Many rapidly growing solid tumours lack normal blood flow and thus have low oxygen tension in central regions. Cells populating these hypoxic areas exit the cell cycle and enter a resting phase in which they are extremely resistant to most anti-cancer therapies. Often these hypoxic cells remain after treatment and have the ability to seed repopulation once they re-enter the cell cycle. There are drugs that can specifically sensitise hypoxic cells to therapy if their presence can be identified before treatment. We have improved methods for 18-F labelling of a compound that binds to proteins in hypoxic conditions. This compound has proved to be highly effective for PET imaging of hypoxic tumour cells in mouse models of human cancers. Pre-clinical imaging underpins a strong clinical program in hypoxia imaging in which Peter Mac is recognised to be internationally competitive.
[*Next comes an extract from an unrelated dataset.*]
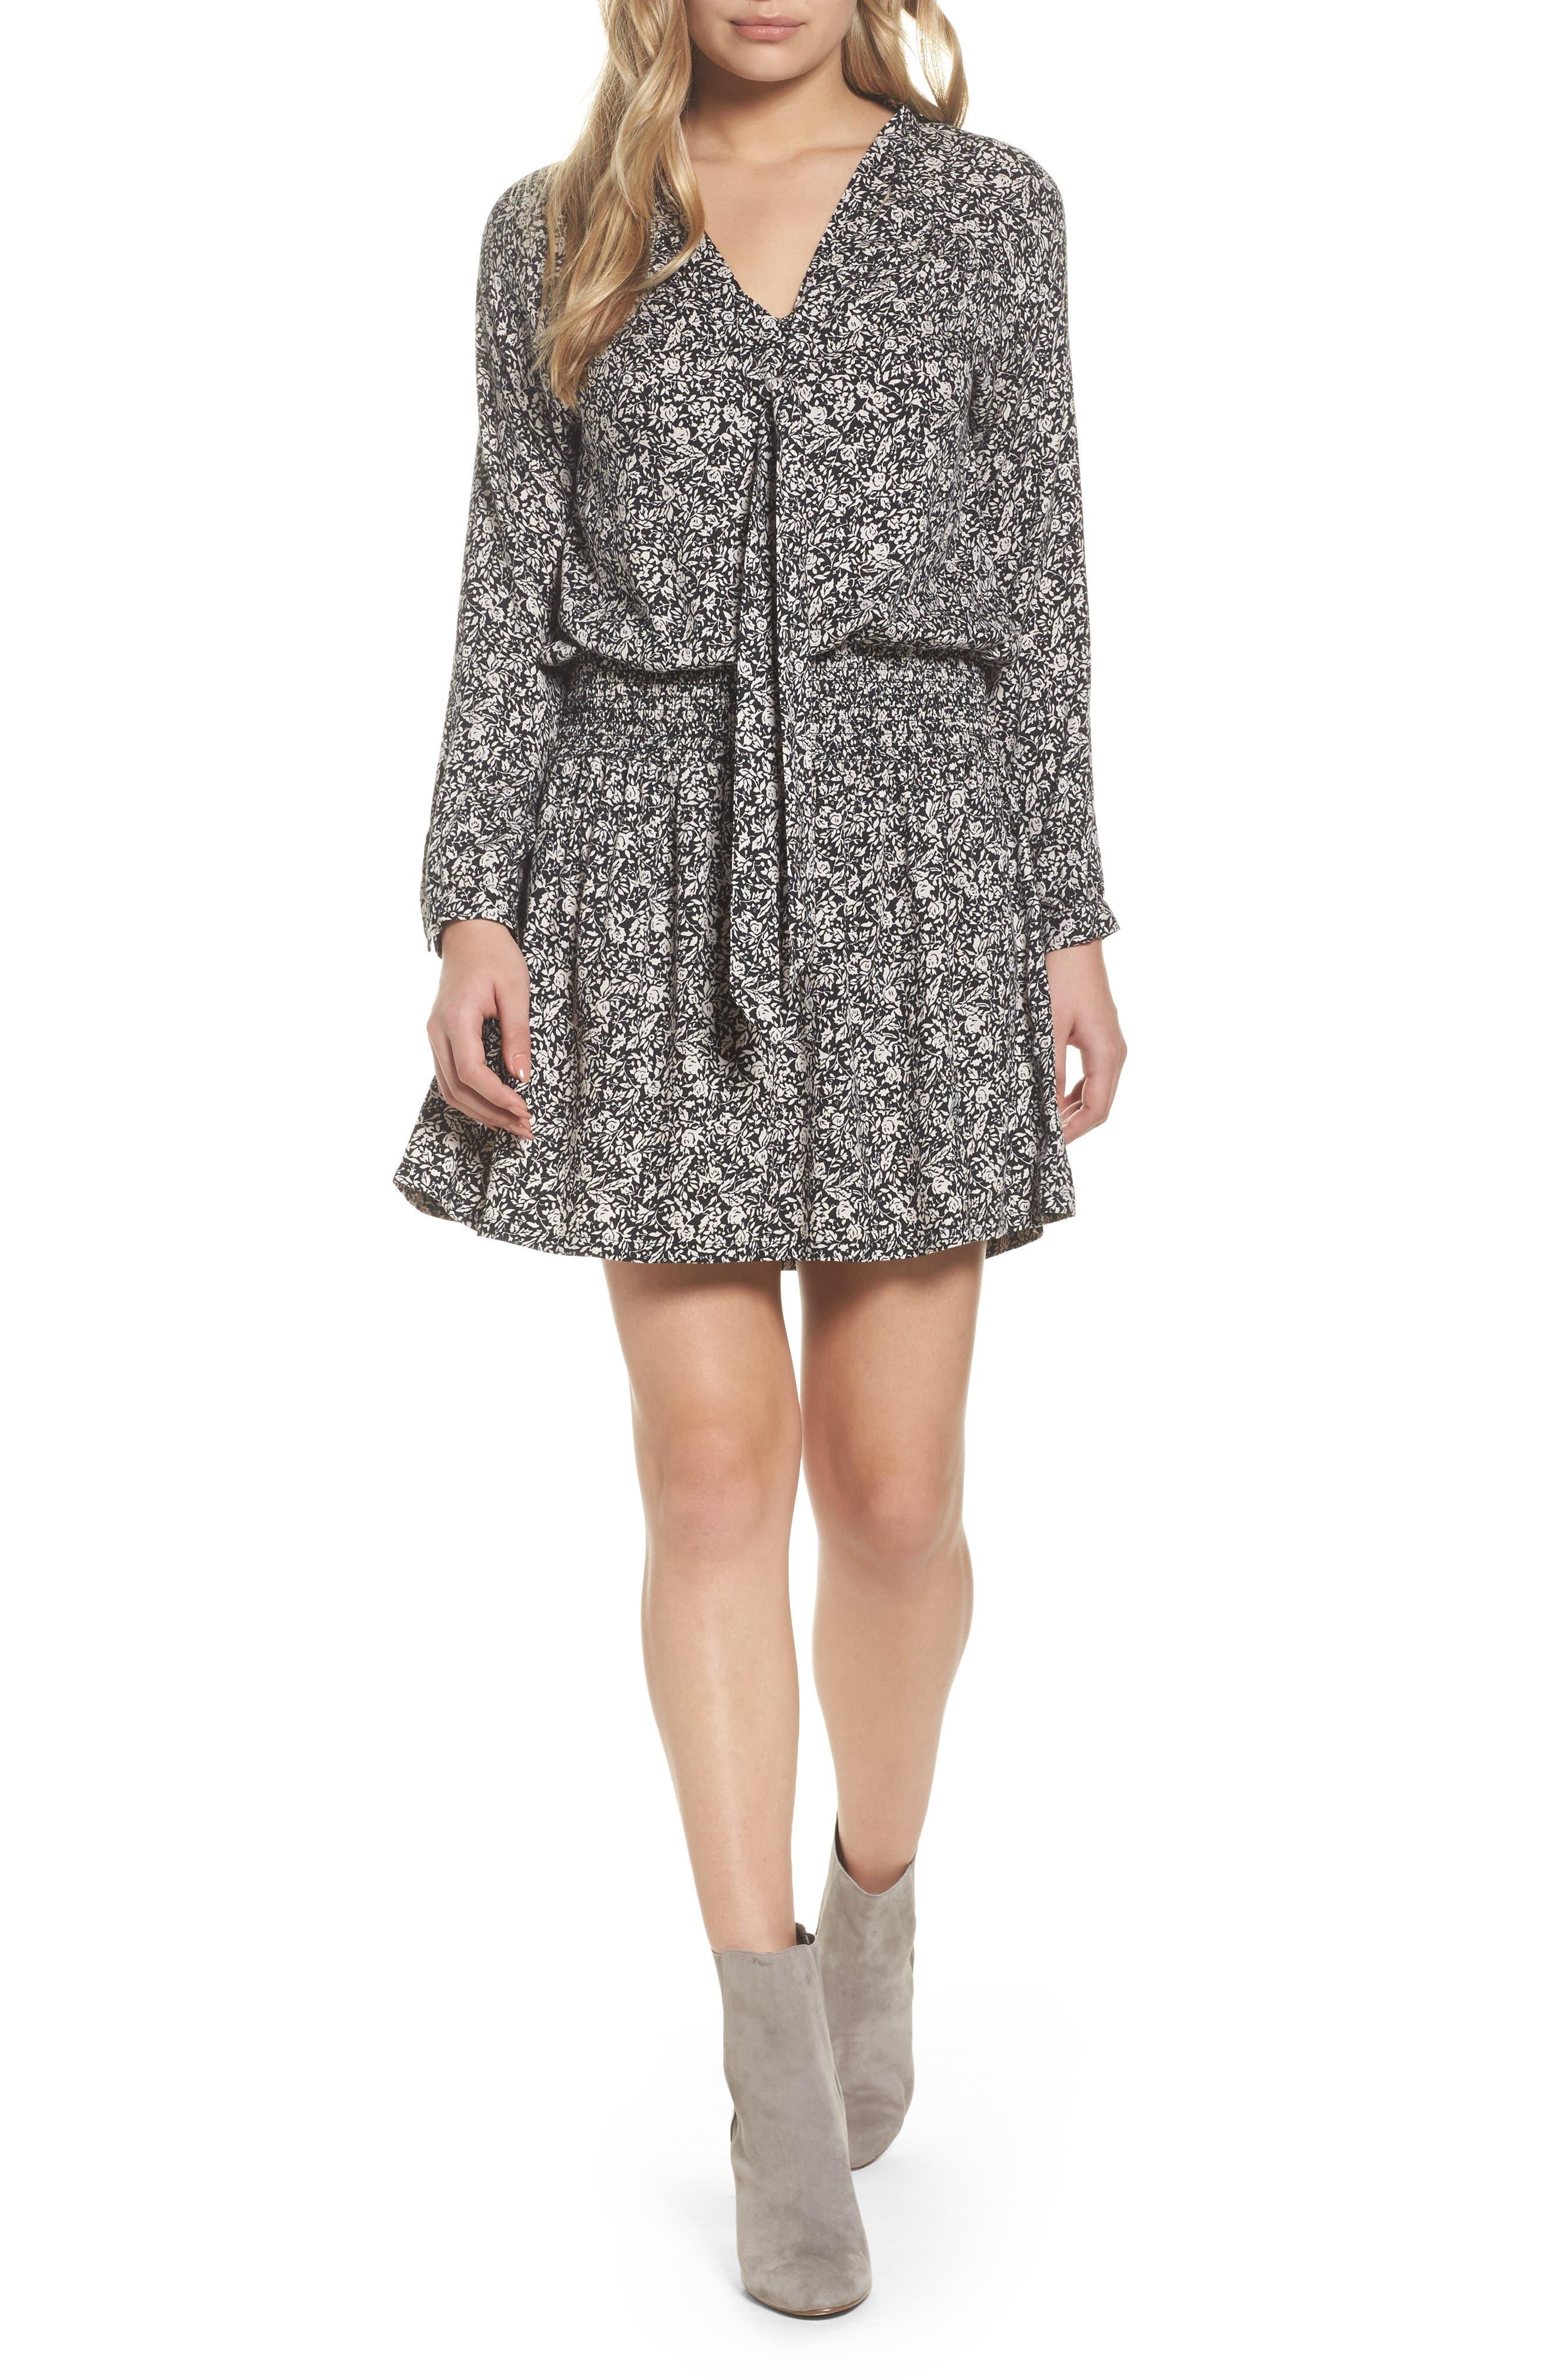 Ivy Blouson Dress,                             Main thumbnail 1, color,                             Blk

IMAGING APOPTOSIS IN CANCER CELLS

Treatment with targeted therapeutics has the potential to cause rapid apoptosis in tumour cells but detectable shrinkage of the tumour mass may take weeks or months. The ability to directly image apoptotic death would be very helpful to assess effectiveness, especially with novel or experimental therapies. A common method for assessment of apoptosis in tissue culture cells uses a fluorescently labelled annexin that binds to lipids on the surface of apoptotic cells. When labelled with 18F for PET imaging, however, annexin often loses its binding properties. We are working on better labelling methods and modifications of annexin to improve its properties for PET imaging of apoptosis.